• sürekli maruz kalanı sinir hastası yapacak kadar sinir bozucu hareketlerdir. bir takım memleket insanlarının karmaşık iç dünyalarının kat kat katlanarak dışa vurulmasıdır sanki. hani şu jim carrey'n mask filmindeki maskeden takmış, bastırılmışlıklarını salıveriyorlar gibi. günlük hayatta bakıyorsun, adam aslında birazcık mal. trafikte bakıyorsun, malın önde gideni bayrak sallayanı. bir hareketler, bir tavırlar...

    sebebi ne peki?
    trafik denetimindeki "dingo'nun ahırı" ya da "saldım çayıra mevlan kayıra" stratejisi.

    (bkz: devlet buna bir şey yapması lazım)

    askere gittim zamanında. 5 ay boyunda istanbul dışındaydım. anadolu'nun bir beldesinde geçen 5 ay sonunda istanbul'a döndüğümde çiçek gibi olmuştum. iş arama sürecinde çok vaktim oldu bunu düşünmek için. peygamber ocağının kerametine yormuştum. tam hidayete erdim ben şerefsizim derken bir ay sonra benim emektar düldüle kavuşup yeniden trafiğe çıktığımda anladım bendeki genel gerginliğin nedenini.
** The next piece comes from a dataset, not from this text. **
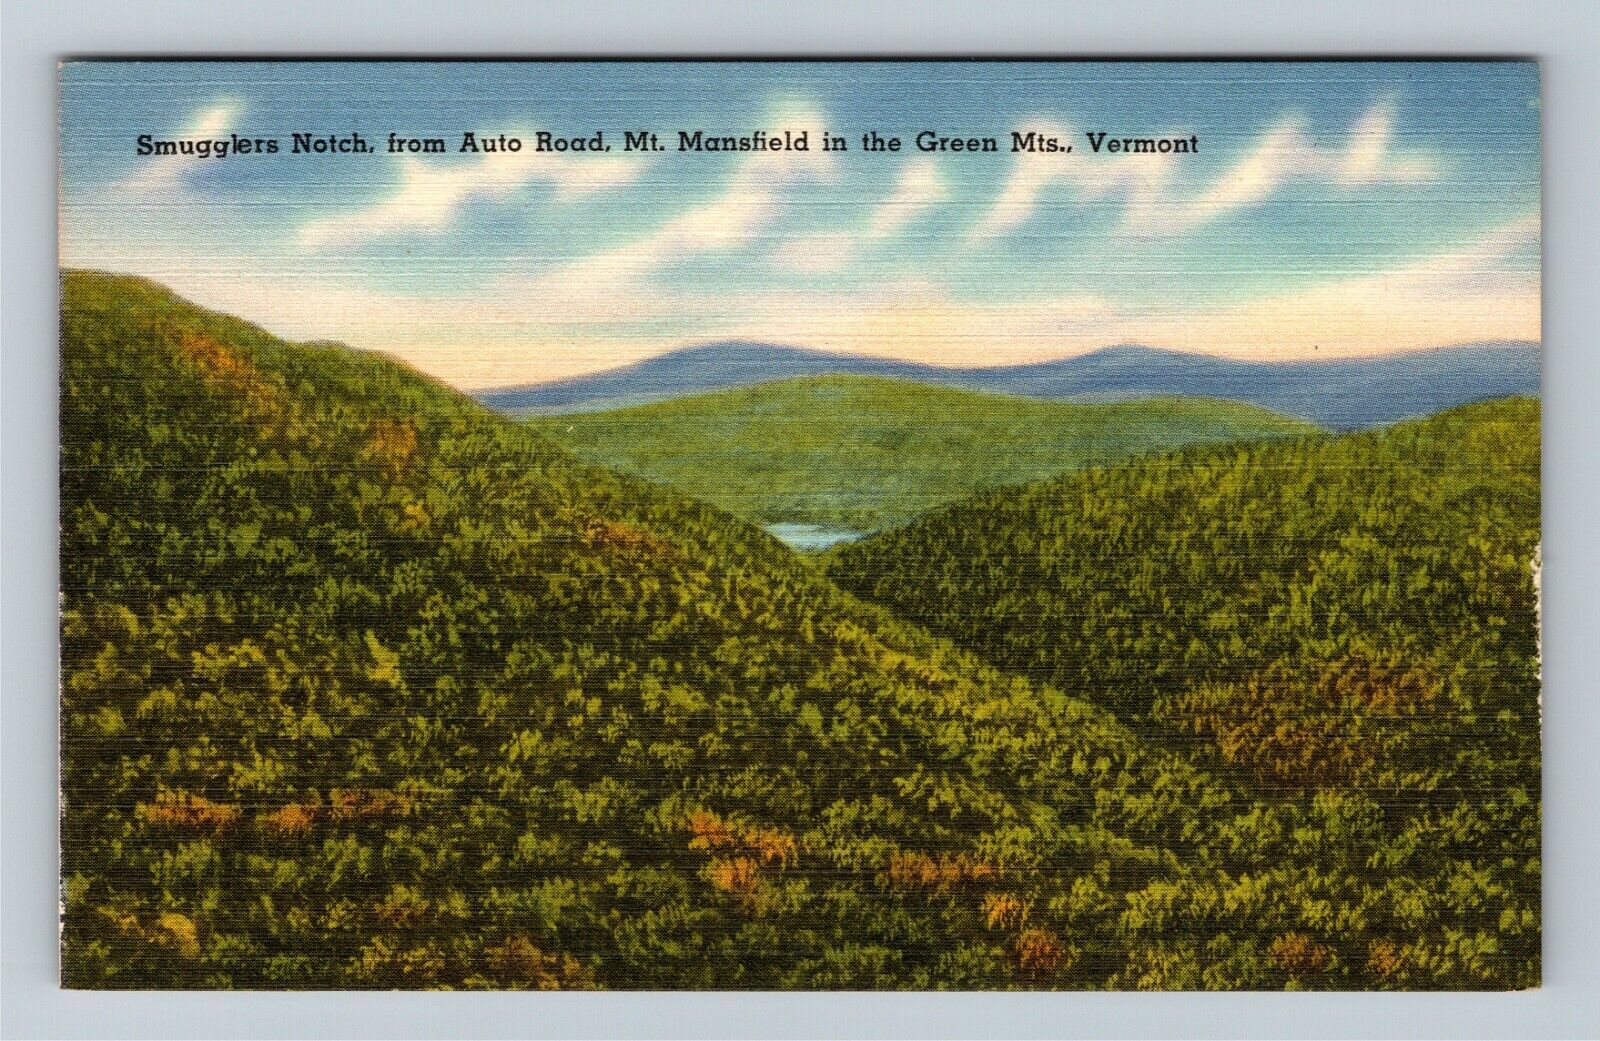 Green Mts. VT-Vermont, Elevated View Smugglers Notch, Vintage Postcard

    trafik dediğin orta dünya gibi. elfinden cücesine, orkundan goblinine çeşit çeşit yaratığı salıvermişler gitmiş. şu tiplere, şu hareketlere bak ya*:

    -- tek sıra halinde dönüş bekleyen şeride önlerden kaynak yapmak.
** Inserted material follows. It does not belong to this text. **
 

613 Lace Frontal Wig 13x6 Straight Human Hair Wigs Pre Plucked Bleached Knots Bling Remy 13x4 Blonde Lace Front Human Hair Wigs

    bu hareket, az gelişmiş insan fırsatçılığının en güzide örneklerinden biridir, yan kesicliktir. toplumun kaosunda sürekli kendi hakkının yenildiğini düşünen ama o kaosun sebebinin bizzat kendisi olduğunun farkında olmayan hak yiyicilerinin savunması genelde "yea herkes yapıyo" şeklinde çok sağlam bir temele oturmuştur. fırsatını bulduklarında banka hortumlayacak hatta fortumu kendilerine bağlayacak tıynette insanlardır. metroya girerken inenleri beklemeyenler ya da herhangi bir sırada araya kaynayanlardır bunlar.

    \-\
    |-| |-| <- aha bunlar pislik
    |-| |-|
    |-|
    |-| <- bunlar iyi adamlar. bravo bunlara.

    -- ara yoldan otobana çıkarken öndekinden önce sola geçip öndekini sıkıştırmak.
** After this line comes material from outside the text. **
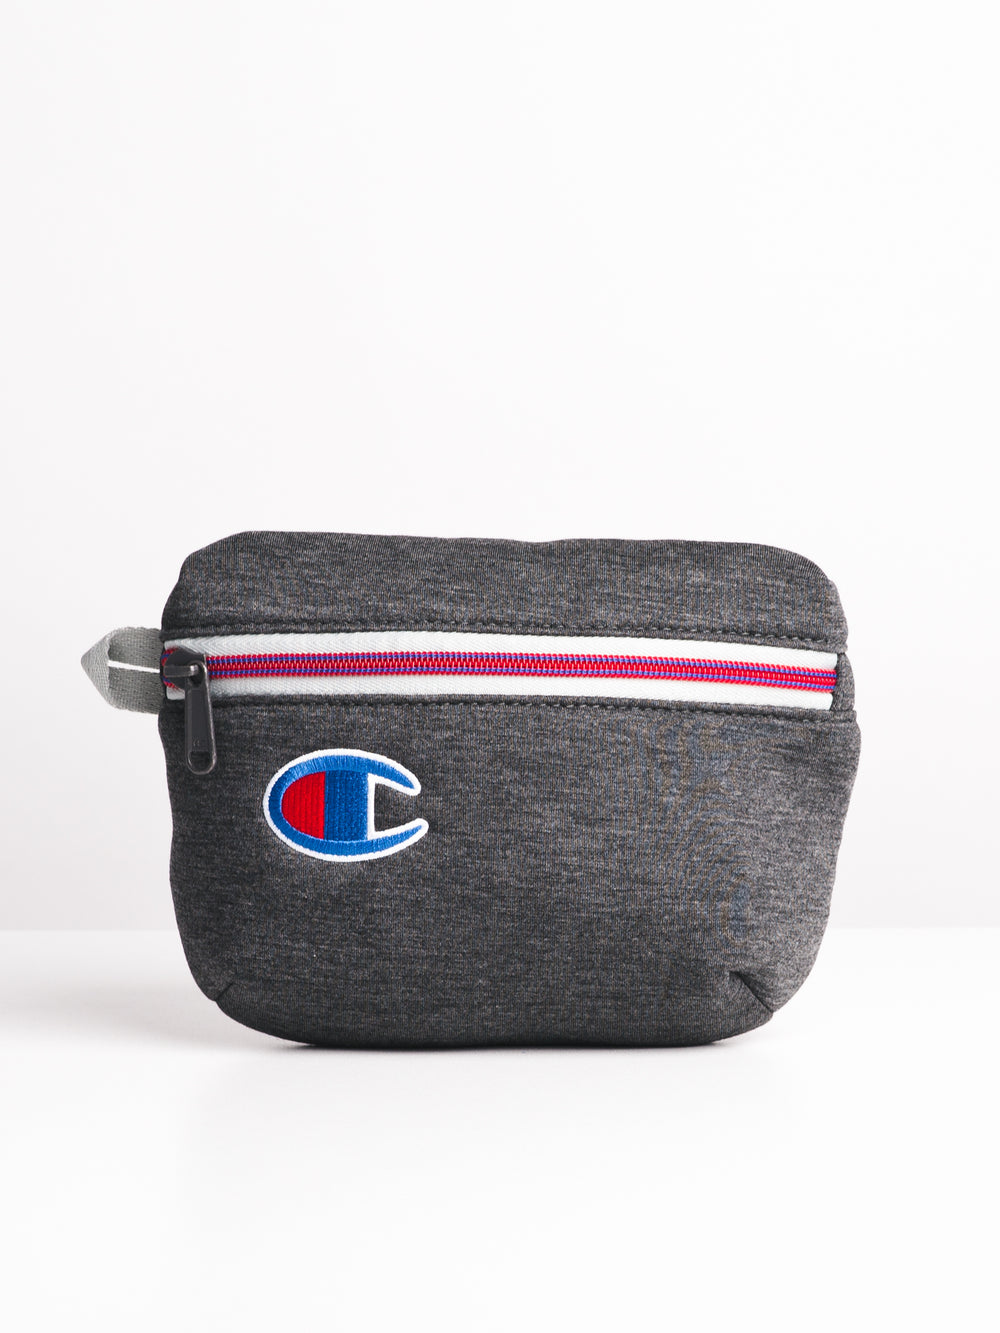 ATTRIBUTE WAISTBAG FANNY PACK - DK GREY - CLEARANCE

    bu, özellikle istanbul'da çok yapılan öküzlüklerden biridir. otobana çıkarken bildiğiniz gibi ana yola karışma şeridi vardır bir süre. daha sonra bu şerit yavaş yavaş daralarak sağ şeride karışır. siz efendi efendi sinyanlinizi verip otobana girmek isterken arkanıza yapışmış mal, vites düşürüp gaza asılarak sizden önce solunuza geçer. bulunduğunuz şerit git gide daraldığı ve solunuzda da bir manda olduğu için eğer karışım şeridinin sonunda emniyet şeridi doluysa frene basarak yanınızdakinin geçmesini beklemek ya da emniyet şeridinde bir süre tehlikeli olarak ilerlemek zorunda kalırsınız.

    bunu yapan kişiler genelde toplumda "saygısız, ezik hem de tam bir götlek" başlığı altında incelenen kişilerdir. kendilerini ve başkalarını tehlikeye atarken kazandıkları tek şey yakın akrabaları hakkında yapılan oldukça samimi değerledirmelerdir. bu değerlendirmelerden mutlu olacaklar ki sürekli yaparlar bunu. alafranga tuvaletlerde kapağı kaldırmadan işeyip bundan zevk alanlar böyle insanlardır. beraber kuruyemiş yenmez bunlarla. tabaktaki son antep fıstığını kesinlikle bırakmazlar.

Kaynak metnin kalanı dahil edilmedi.